Как по мне, то это сомнительная идея.
Кроме Java нужно знать еще много вещей (базы данных, XML и т.д.).
И где гарантия, что преподаватель - действительно мастер своего дела, а не нахватавшийся по верхам дилетант? (без обид).

----------


## maxx™

*MOD: Курсы, преподавателей, обcуждайте сколько хотите, а вот набор в группу прекращайте.*

----------


## kivanchik

Народ! а чё - тема закрыта или куда переехала? На сей день темка очень актуальна

----------


## Phoenixxe

> Как по мне, то это сомнительная идея.
> Кроме Java нужно знать еще много вещей (базы данных, XML и т.д.).
> И где гарантия, что преподаватель - действительно мастер своего дела, а не нахватавшийся по верхам дилетант? (без обид).

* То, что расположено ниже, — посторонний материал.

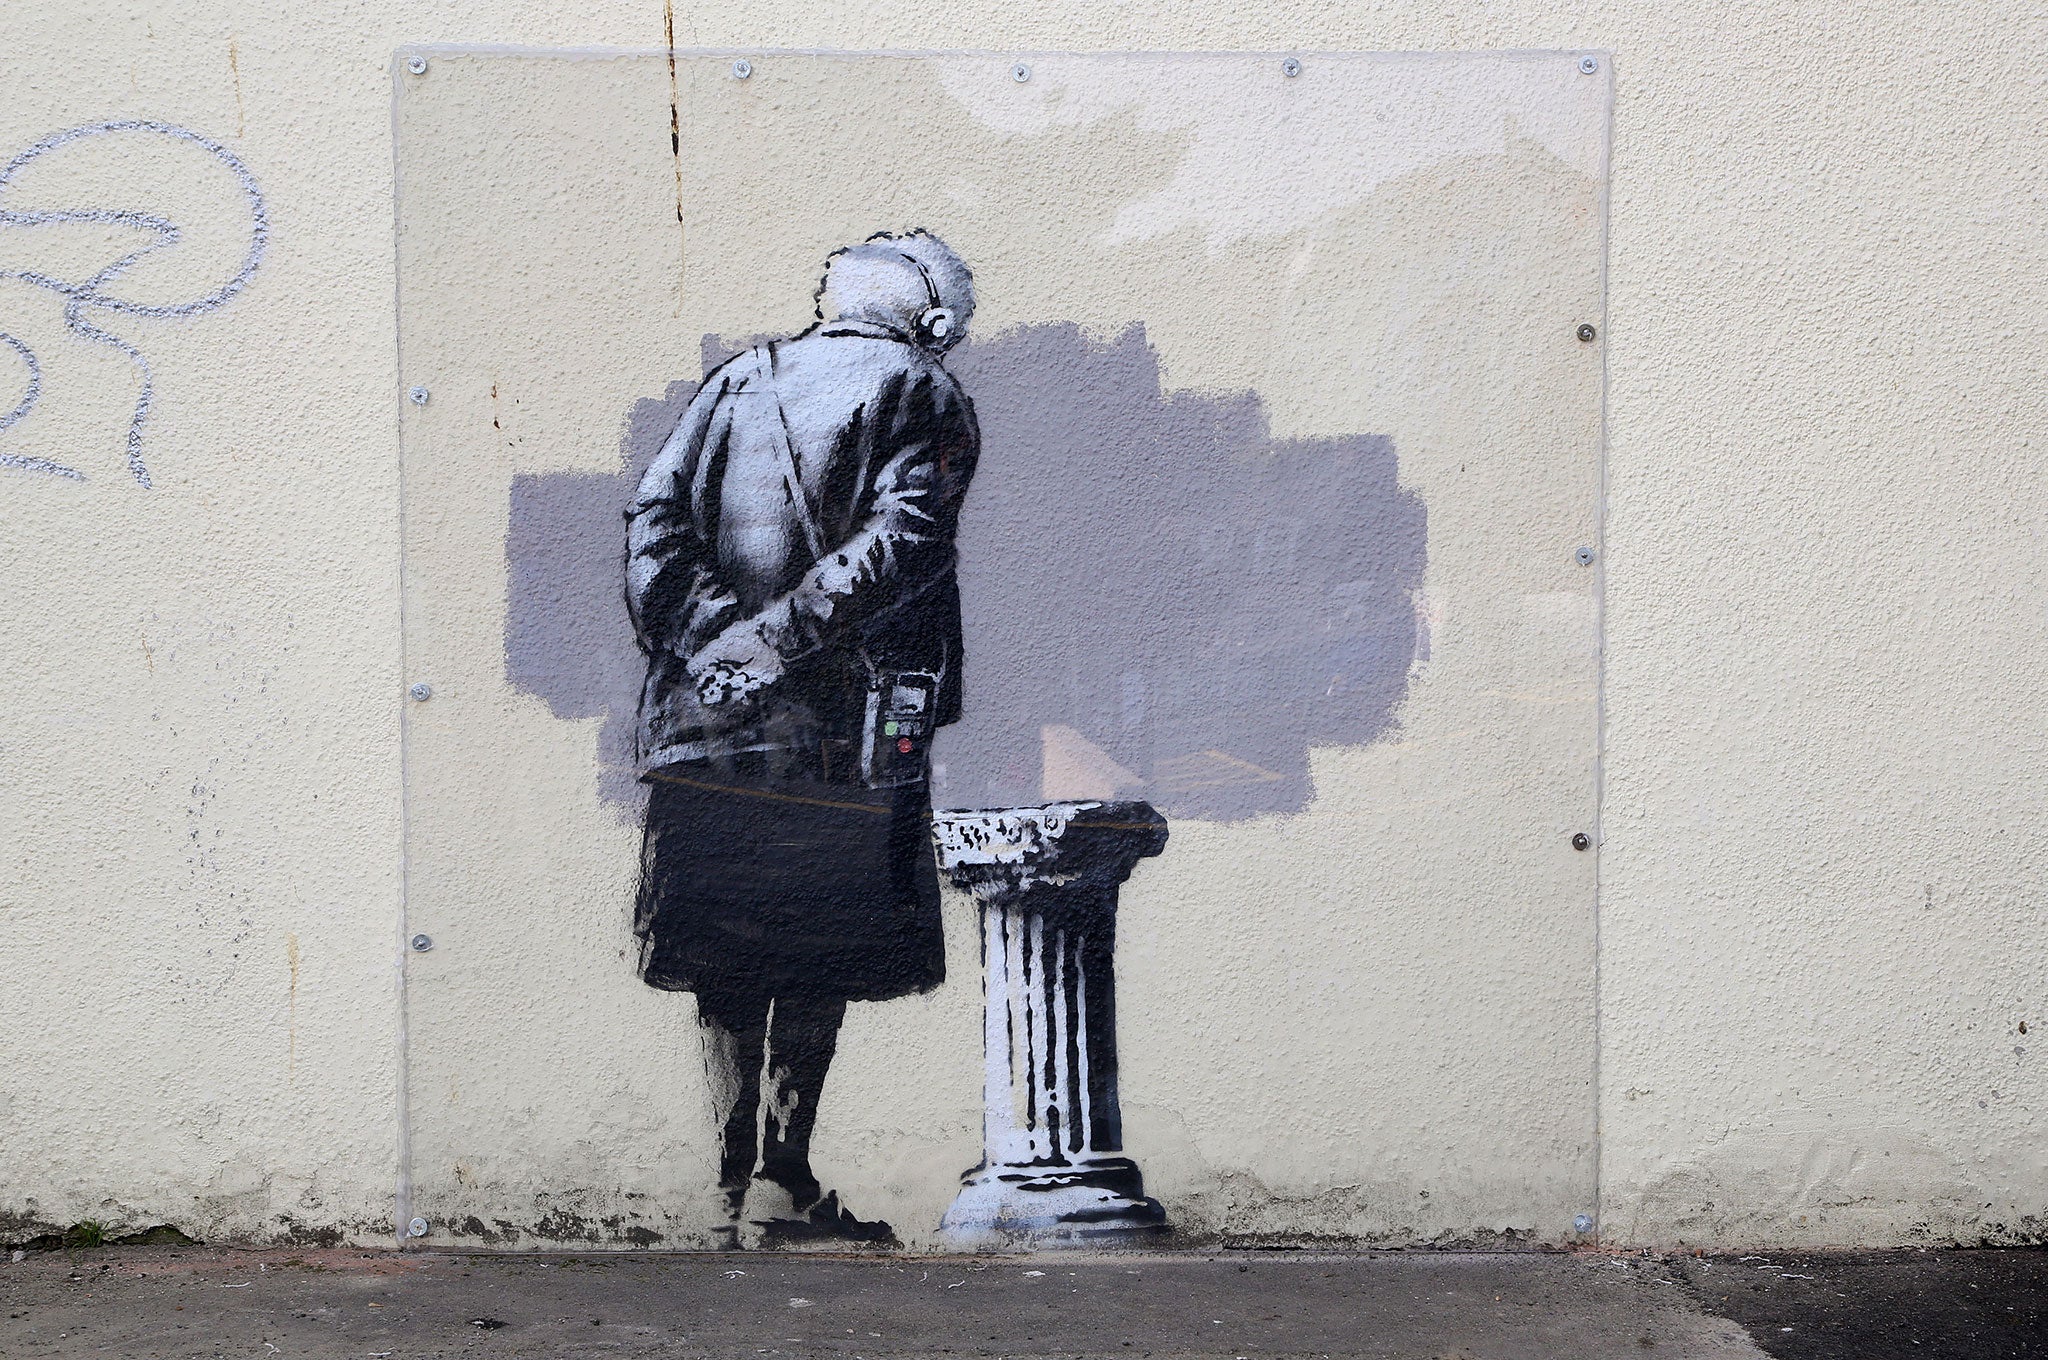 Banksy art in Folkestone vandalised by graffiti | News

 Мастер своего дела навряд ли будет учить Вас на курсах для новичков. Разве что ему хочется попрактиковаться в педагогике.

Ну а все знать не получится, да и не нужно.
К примеру, тем кто на GAE или микроустройствах 
знать аппсервера или хибернейт для баз данных необязательно.

----------


## Allann

> Мастер своего дела навряд ли будет учить Вас на курсах для новичков. Разве что ему хочется попрактиковаться в педагогике.


 +1
мастер своего дела возьмет не меньше чем зарабатывает на основной работе, а это минимум от 12-15 у.е. в час )
да и то, кому нужен напряг с подготовкой к лекциям, трата времени на дорогу, накладные расходы и пр. 
думаю если будет доход от курсов в 1,5 - 2 раза больше, чем на основной работе, то можно подумать и о преподавании

----------


## ASATOR

есть большое желание учиться, но пока нет базовых знаний, возьмёте? 743-44-58, 050-291-99-96

----------


## titans

"Мастер своего дела" захотел по 100 у.е с человека в день. Ищем дальше...

----------


## Phoenixxe

> "Мастер своего дела" захотел по 100 у.е с человека в день. Ищем дальше...

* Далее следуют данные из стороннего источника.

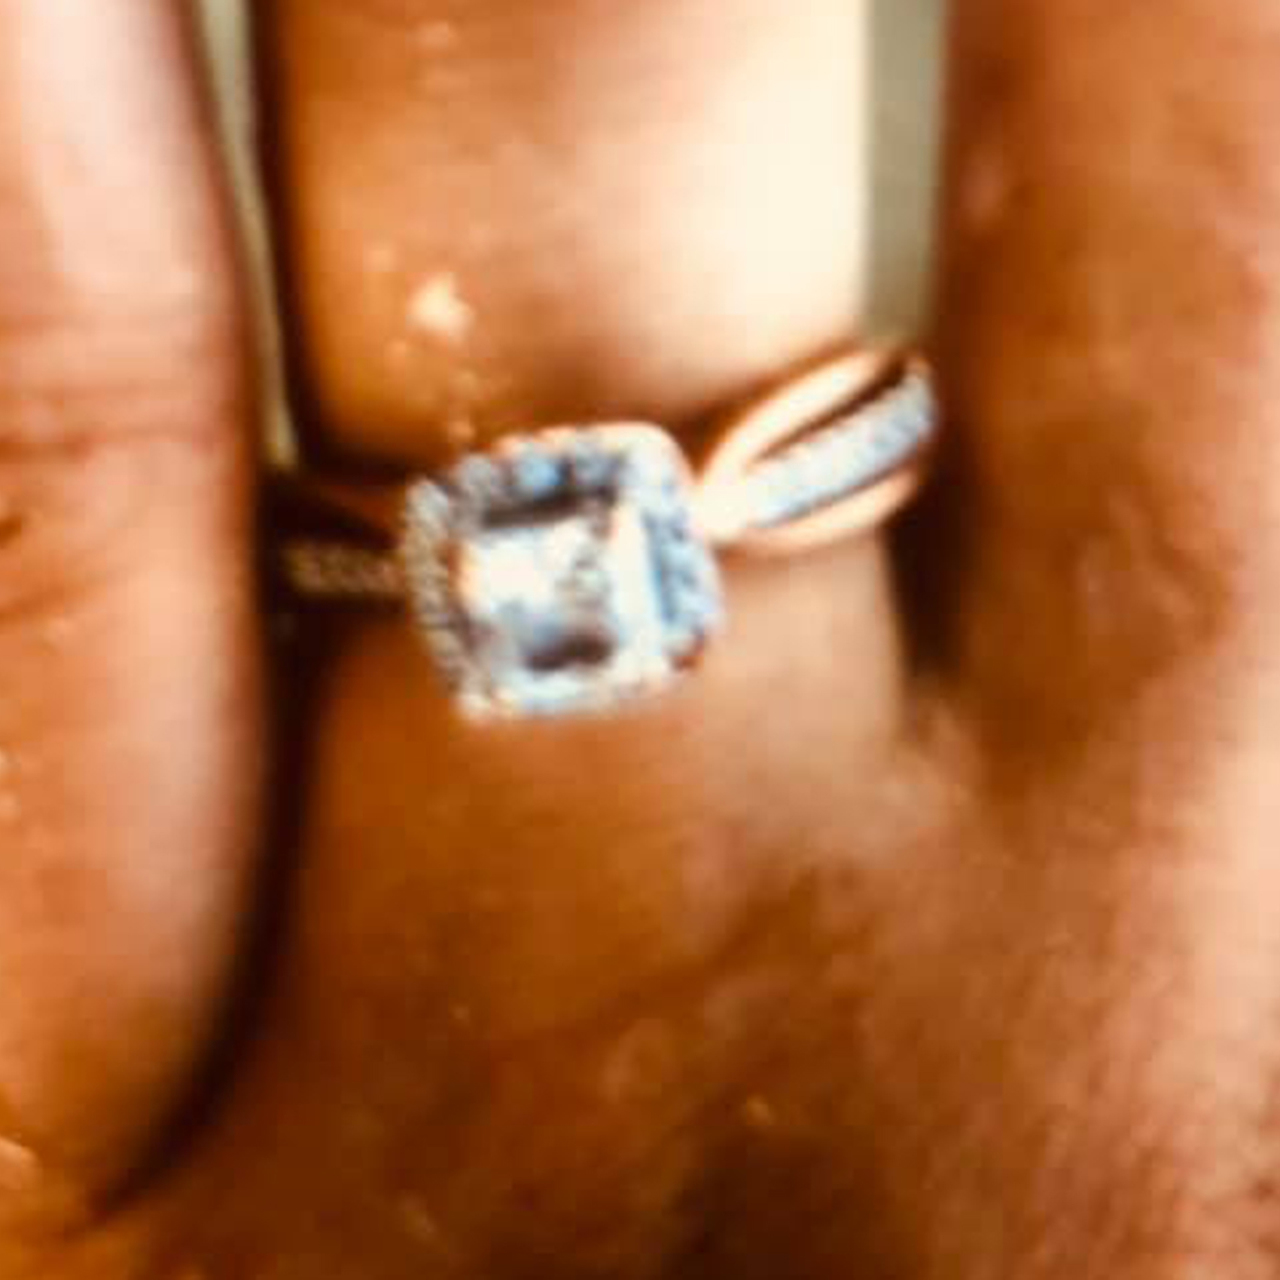 Потерянное обручальное кольцо нашли надетым на рыбку

 такие занятия не ведутся группами по 50 человек
думаю, максимум 4

тем более не 8 часов, активных - 2-3

часовой рейт указан вполне адекватный

----------


## Sergeevich

Чтобы чему-то учиться- не обязательно ходить на курсы. Главное желание и настойчивость. Я списался с парнем с форума, который хотел изучать, а я вроде как наставник у него на добровольной основе... так что?! хватило его на неделю. Он купил 3 дорогущие книжки,и  пропал. 
Главное в обучении- это постановка задач+ помощь когда в полном тупике- для этого и нужен наствник (учитель).

----------


## Fallout

> Чтобы чему-то учиться- не обязательно ходить на курсы. Главное желание и настойчивость. Я списался с парнем с форума, который хотел изучать, а я вроде как наставник у него на добровольной основе... так что?! хватило его на неделю. Он купил 3 дорогущие книжки,и  пропал. 
> Главное в обучении- это постановка задач+ помощь когда в полном тупике- для этого и нужен наствник (учитель).

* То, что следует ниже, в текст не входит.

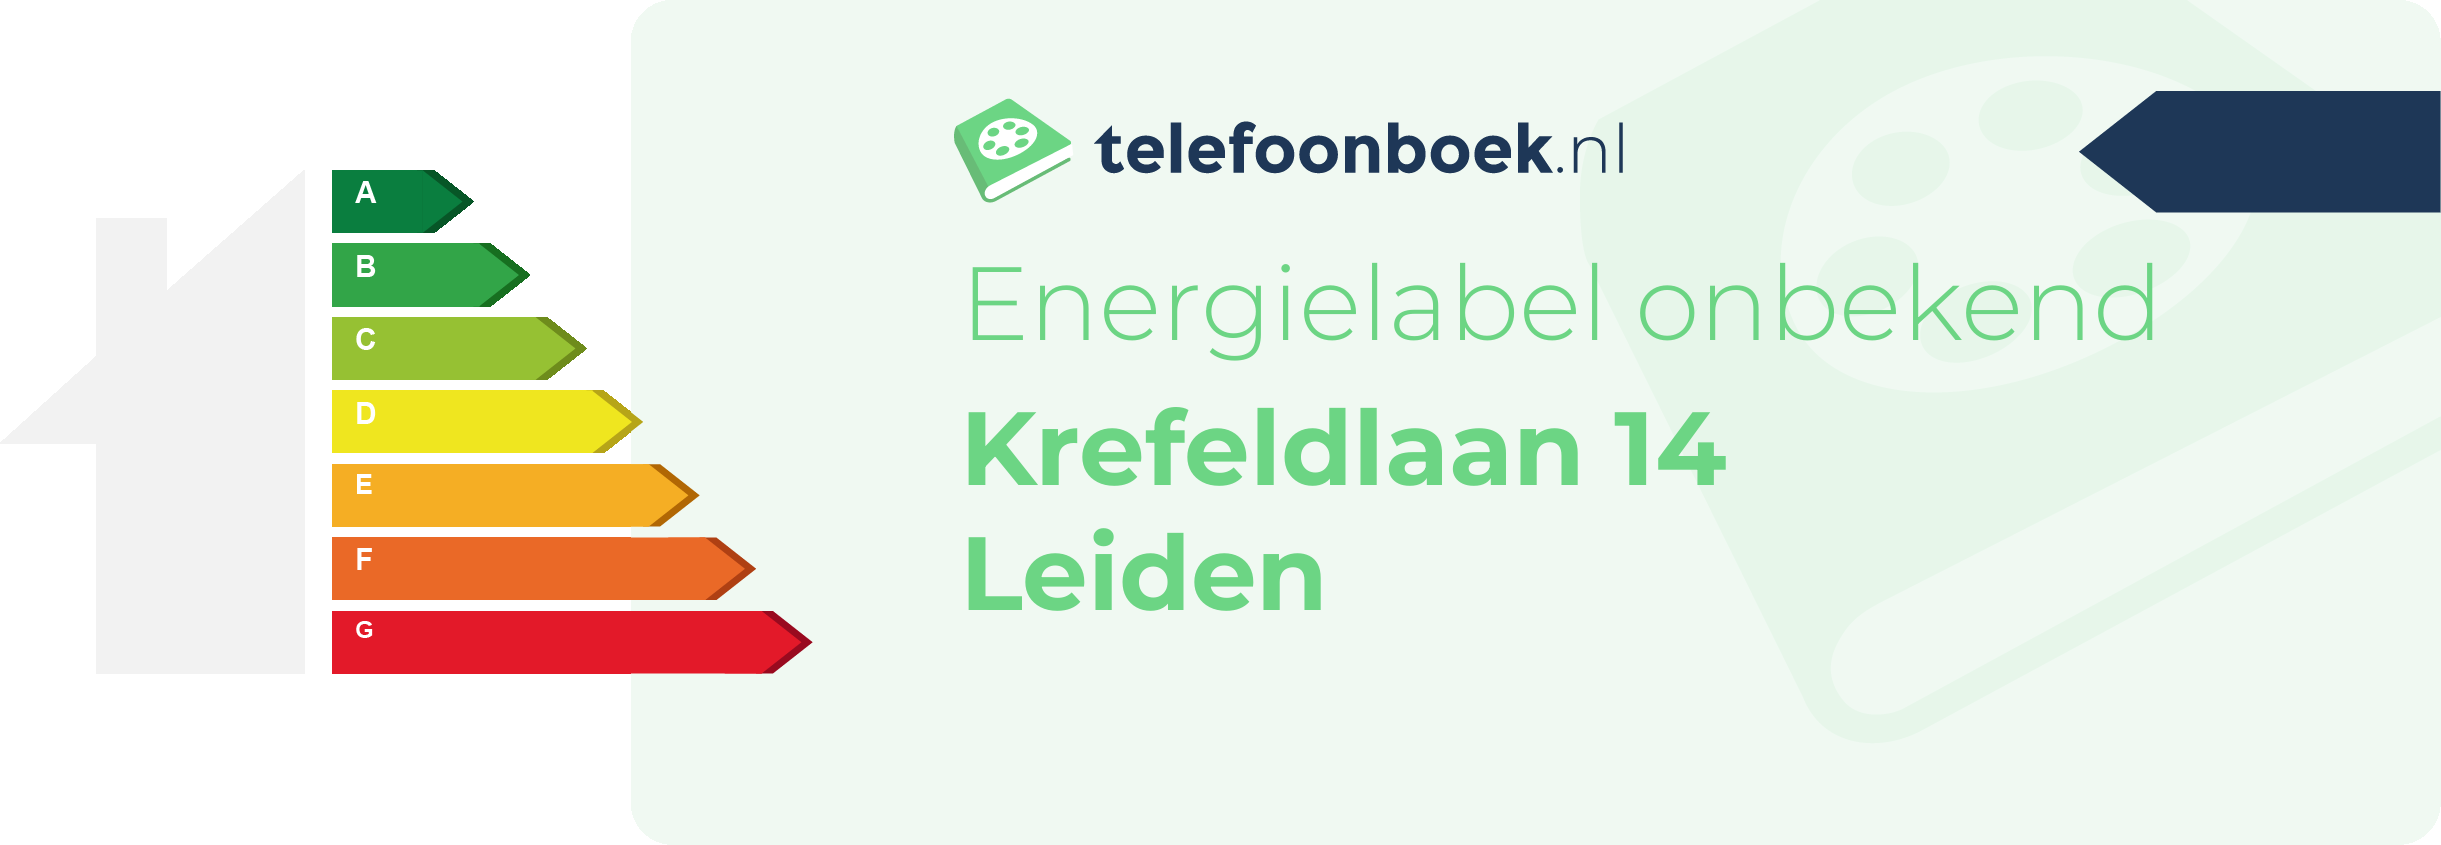 Energielabel Krefeldlaan 14 Leiden

 Думаю что большинство желающих изучать разработку, в особенности java, в первую очередь привлекают относительно высокие ЗП, но вот понимание того, что для этого нужно приложить немало усилий и достаточно долгое время не будет отдачи, приходит уже после

----------


## Sergeevich

> Думаю что большинство желающих изучать разработку, в особенности java, в первую очередь привлекают относительно высокие ЗП, но вот понимание того, что для этого нужно приложить немало усилий и достаточно долгое время не будет отдачи, приходит уже после


 Согласен полностью. Более того, если попадаешь в ступор при первой сложности, и помочь некому- отпадает всякое желание учится и уверенность в собственных силах. Но повоторюсь, если ставить интересные и реалистичные задачи, чтоб ученик их мог выполнять- процесс обучения становится увлекательным, прозрачным и результативным. Поэтому, учителя и должны зарабатывать большие деньги!

----------


## maxx™

> Согласен полностью. Более того, если попадаешь в ступор при первой сложности, и помочь некому- отпадает всякое желание учится и уверенность в собственных силах. Но повоторюсь, если ставить интересные и реалистичные задачи, чтоб ученик их мог выполнять- процесс обучения становится увлекательным, прозрачным и результативным. Поэтому, учителя и должны зарабатывать большие деньги!


  Если будет учитель, который будет выводить из всех ступоров, то потом может оказаться, что самостоятельно из них выходить проблематично.

----------


## oxigen_

> Если будет учитель, который будет выводить из всех ступоров, то потом может оказаться, что самостоятельно из них выходить проблематично.


 Это смотря как выводить.
Толковому ученику достаточно подсказать направление, в котором стоит копать, а дальше он сам разберется.

----------


## HR NetCracker

> В политехе пошуршите, там сейчас Неткрекер курсы открывает.


 


> А планируется ли следующая волна курсов? Может уже известны какие-то предварительные даты?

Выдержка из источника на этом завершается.